## Instructions to follow
Only one stretch of the data is wanted: the line containing "Versace Eyeglasses Frames", the line containing "gei журнал fabyulasVol.3gei", and every line between them, copied exactly.

## Material for this task
+===+
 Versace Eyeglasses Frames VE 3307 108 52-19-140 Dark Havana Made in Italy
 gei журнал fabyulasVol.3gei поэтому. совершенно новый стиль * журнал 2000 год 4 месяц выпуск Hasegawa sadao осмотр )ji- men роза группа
+===+
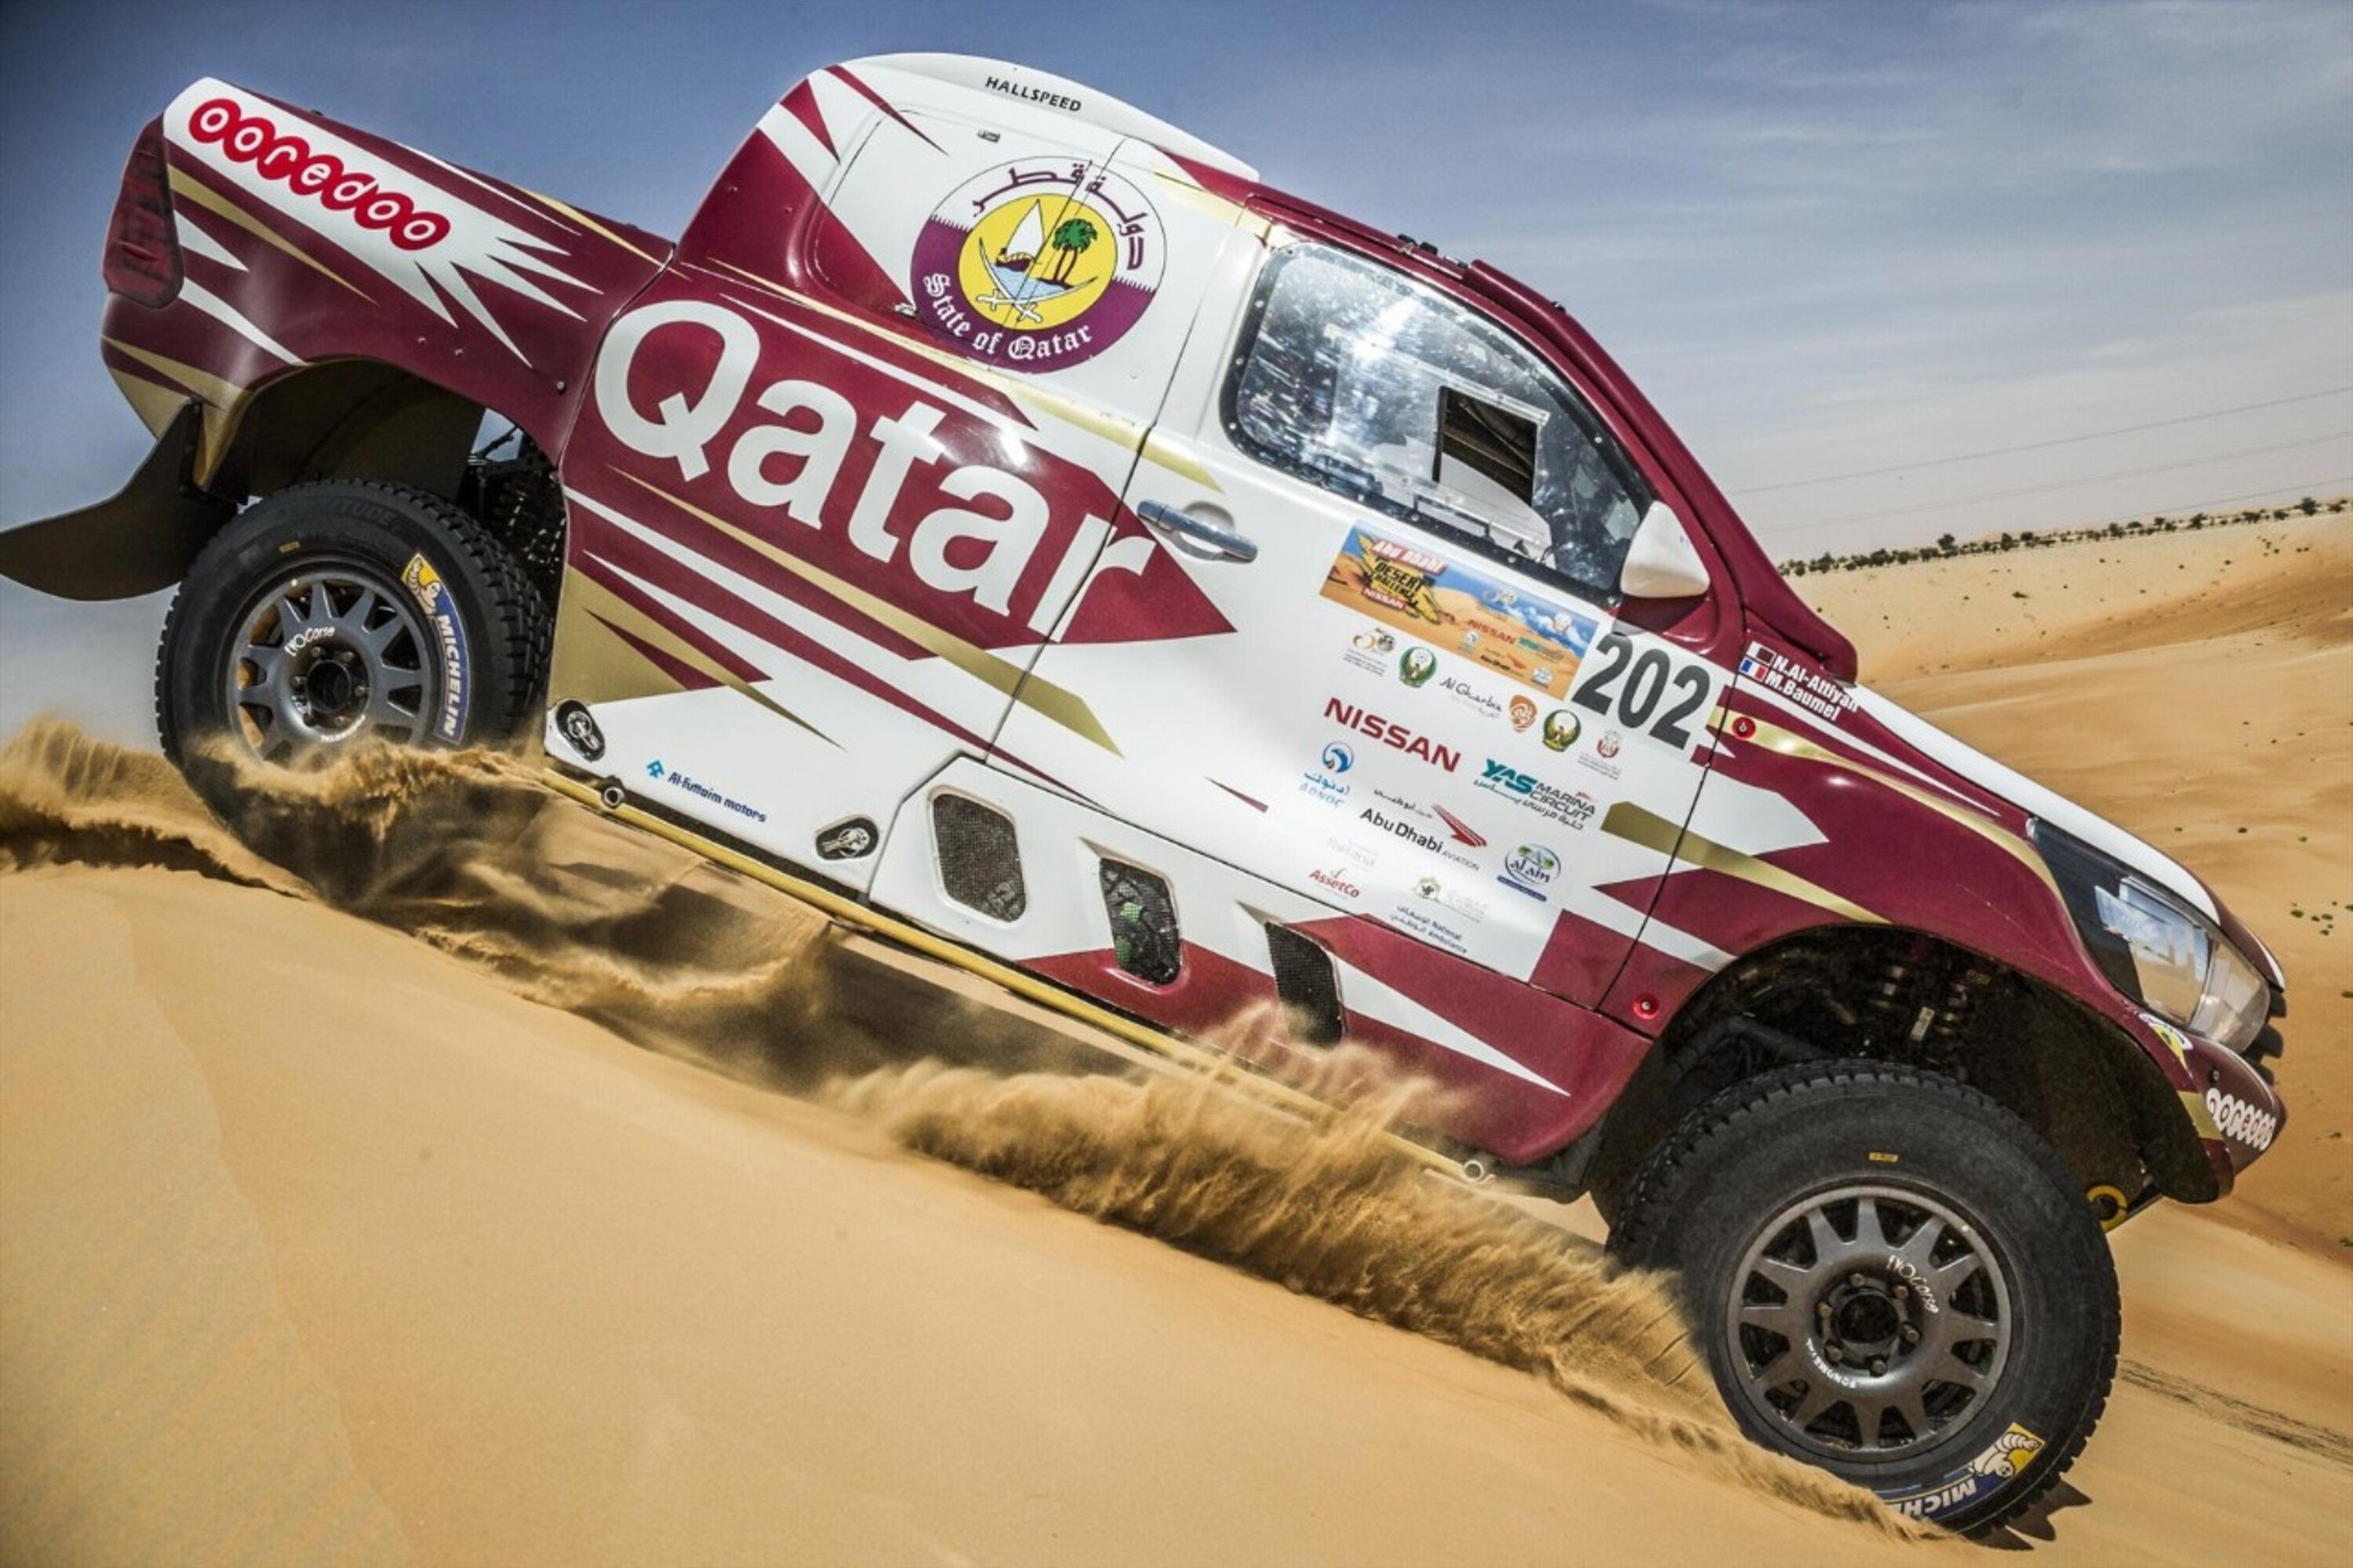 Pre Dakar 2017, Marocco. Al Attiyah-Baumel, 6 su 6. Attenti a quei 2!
+===+
## Solved problem
 Versace Eyeglasses Frames VE 3307 108 52-19-140 Dark Havana Made in Italy
 gei журнал fabyulasVol.3gei поэтому. совершенно новый стиль * журнал 2000 год 4 месяц выпуск Hasegawa sadao осмотр )ji- men роза группа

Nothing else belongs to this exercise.